* INPUT DATA *
----

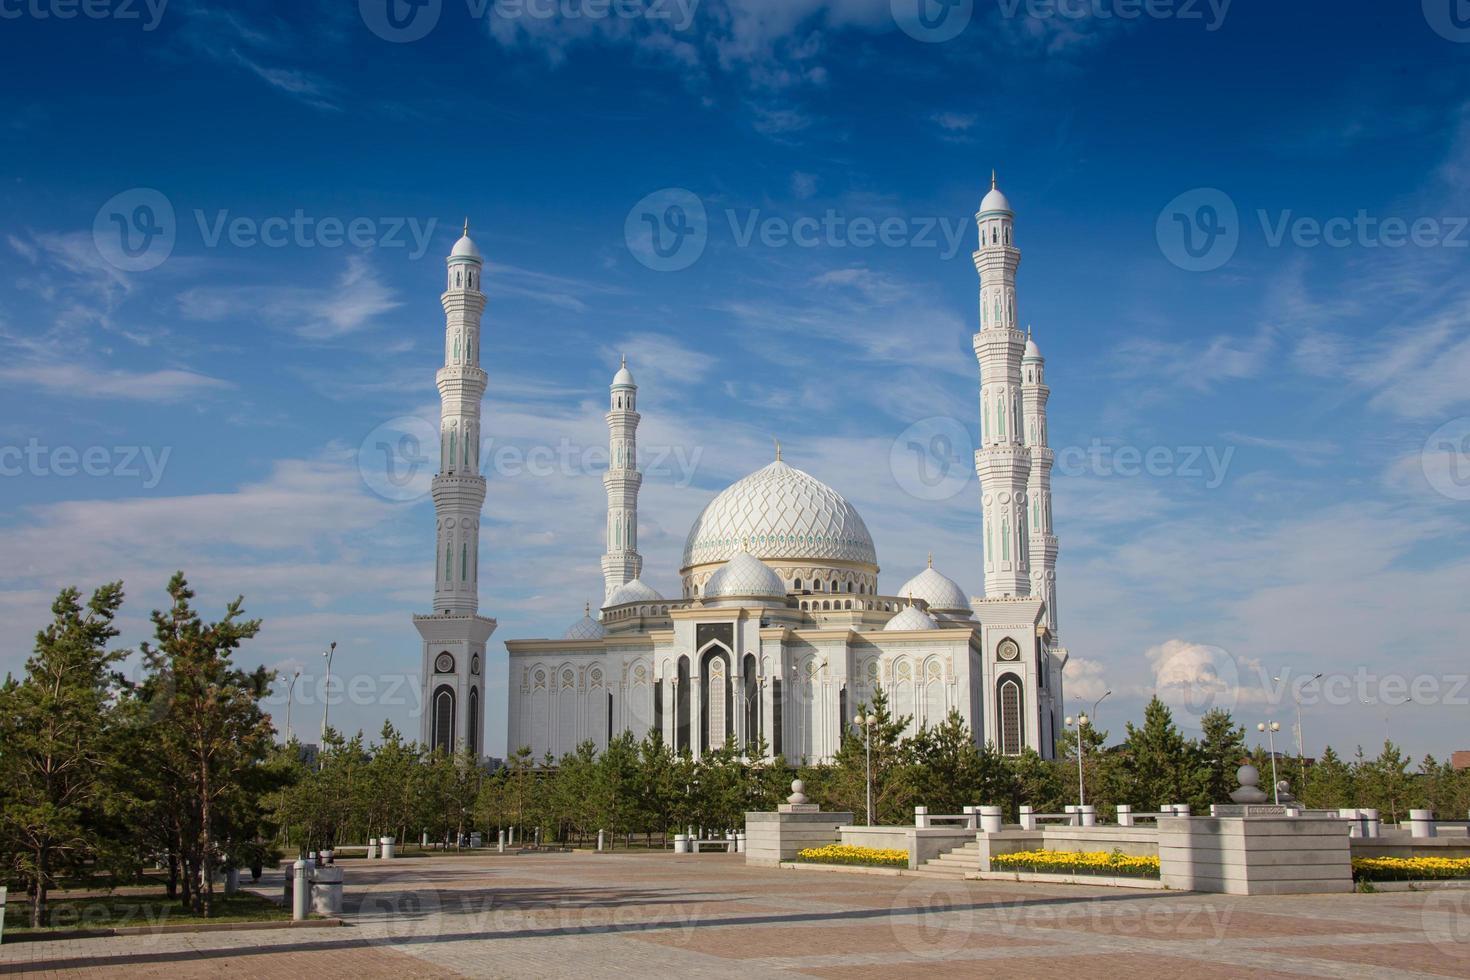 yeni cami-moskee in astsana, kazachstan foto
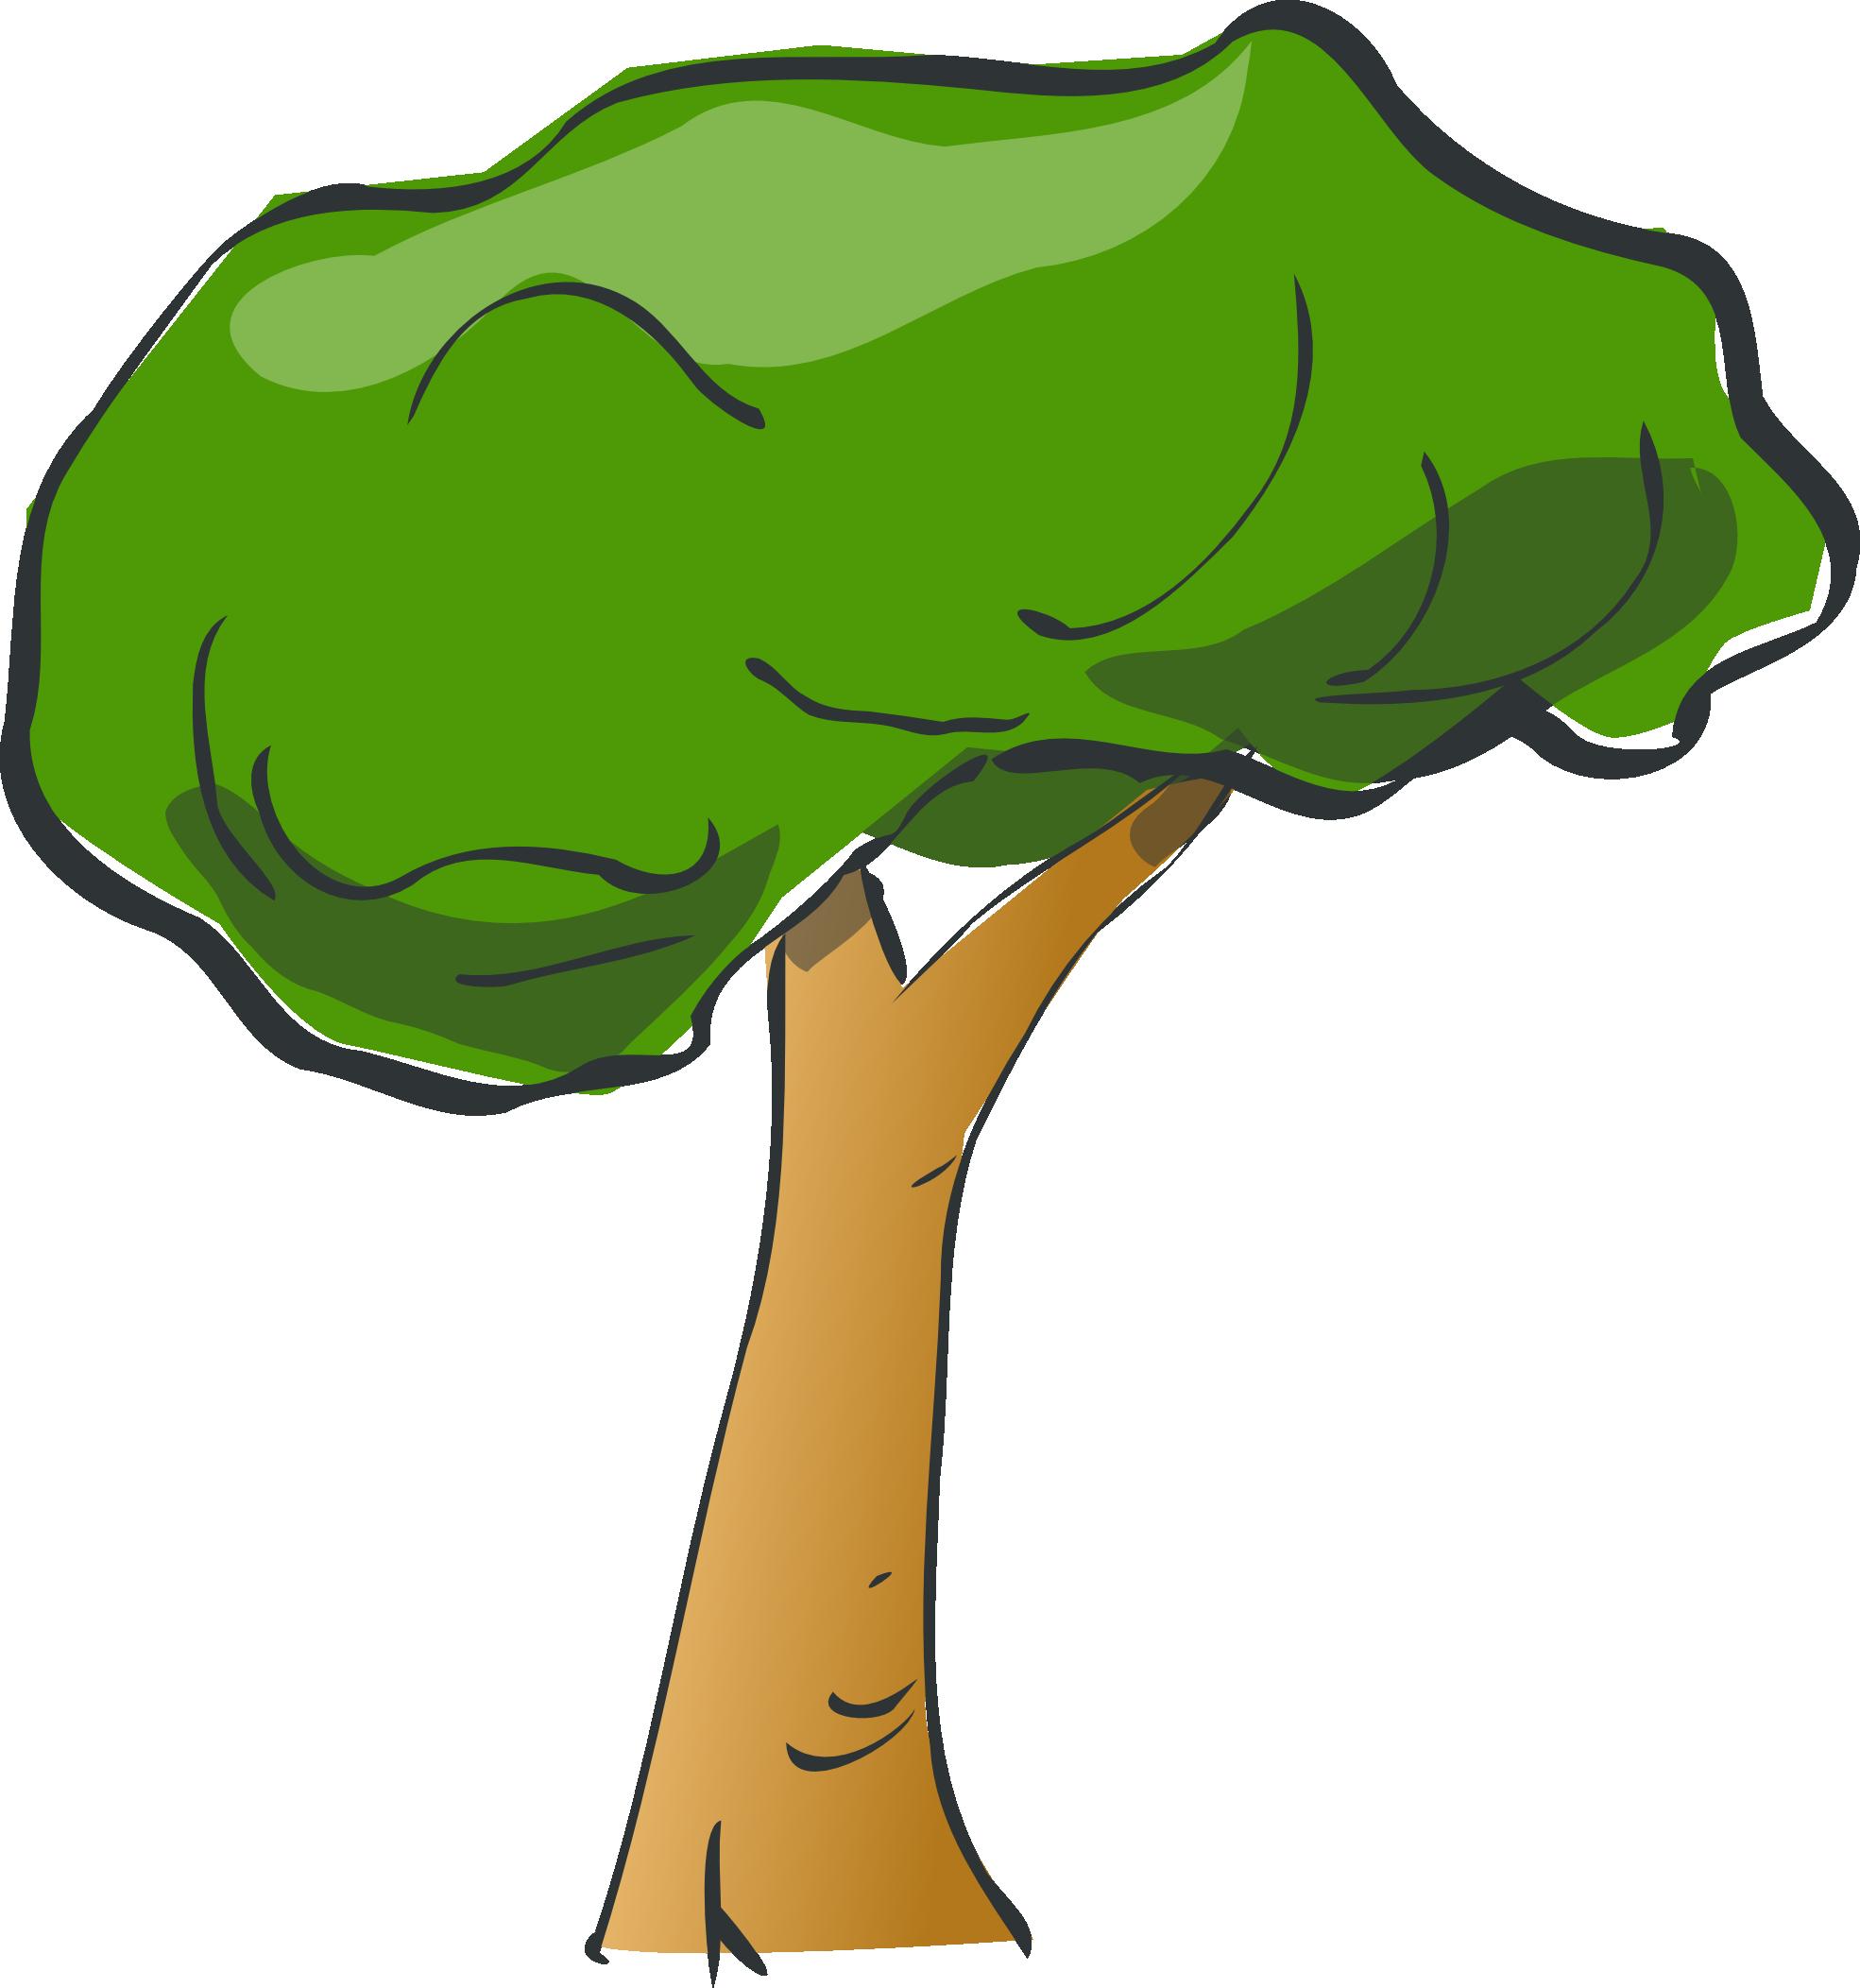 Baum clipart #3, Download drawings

----

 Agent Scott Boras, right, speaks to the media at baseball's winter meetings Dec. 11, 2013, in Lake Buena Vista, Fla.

----

* ASSIGNMENT *
Would you please repeat only the lines above, beginning at the one that has "yeni cami-moskee in astsana, kazachstan foto" and stopping after the one that has "Baum clipart #3, Download drawings", exactly and with no pictures?

* SOLUTION FOR THIS TASK *
 yeni cami-moskee in astsana, kazachstan foto
 Baum clipart #3, Download drawings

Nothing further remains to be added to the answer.